Going with Patrick87's hash idea, here's a practical construction that almost meets your requirements — the probability of falsely mistaking a new value for an old one is not quite zero, but can be easily made negligibly small.

Choose the parameters $n$ and $k$; practical values might be, say, $n = 128$ and $k = 16$. Let $H$ be a secure cryptographic hash function producing (at least) $n+k$ bits of output.

Let $a$ be an array of $2^k$ $n$-bit bitstrings. This array stores the state of the filter, using a total of $n2^k$ bits. (It does not particularly matter how this array is initialized; we can just fill it with zeros, or with random bits.)

• To add a new value $x$ to the filter, calculate $i \,\|\, j = H(x)$, where $i$ denotes the first $k$ bits and $j$ denotes the following $n$ bits of $H(x)$. Let $a_{i} = j$.

• To test whether a value $x'$ has been added to the filter, calculate $i' \,\|\, j' = H(x')$, as above, and check whether $a_{i'} = j'$. If yes, return true; otherwise return false.

Claim 1: The probability of a false positive (= new value falsely claimed to have been seen) is $1/2^{n+k}$. This can be made arbitrarily small, at a modest cost in storage space, by increasing $n$; in particular, for $n \ge 128$, this probability is essentially negligible, being, in practice, much smaller than the probability of a false positive due to a hardware malfunction.

In particular, after $N$ distinct values have been checked and added to the filter, the probability of at least one false positive having occurred is $(N^2-N) / 2^{n+k+1}$. For example, with $n=128$ and $k=16$, the number of distinct values needed to get a false positive with 50% probability is about $2^{(n+k)/2} = 2^{72}$.

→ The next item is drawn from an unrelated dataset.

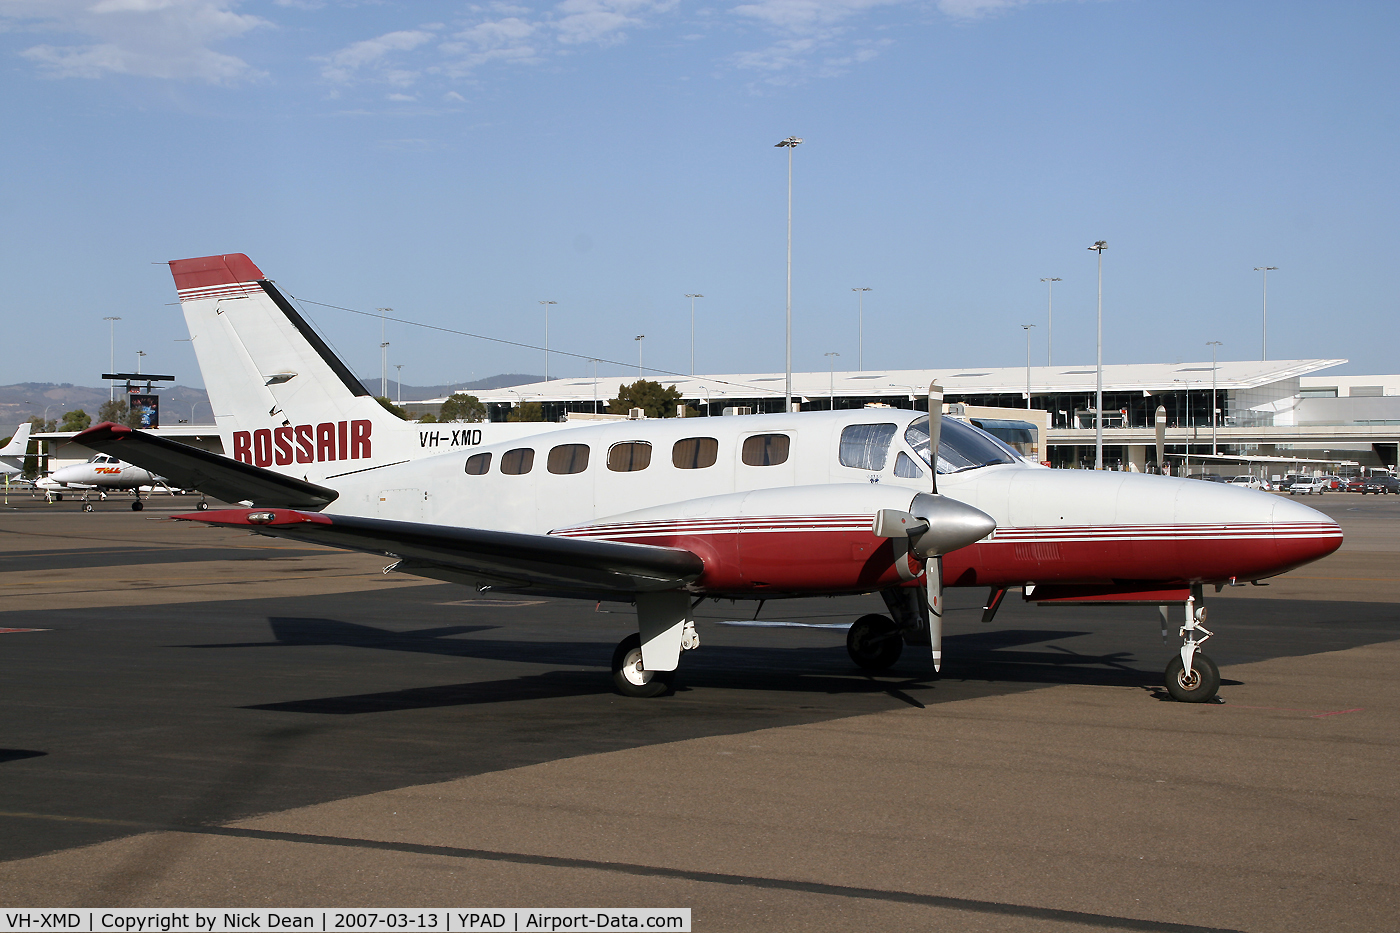 VH-XMD, 1978 Cessna 441 Conquest II C/N 441-0025, YPAD

Claim 2: The probability of a false negative (= previously added value falsely claimed to be new) is no greater than $1-(1-2^{-k})^N \approx 1-\exp(-N/2^k) < N/2^k$, where $N$ is the number of distinct values added to the filter (or, more specifically, the number of distinct values added after the specific value being tested was most recently added to the filter).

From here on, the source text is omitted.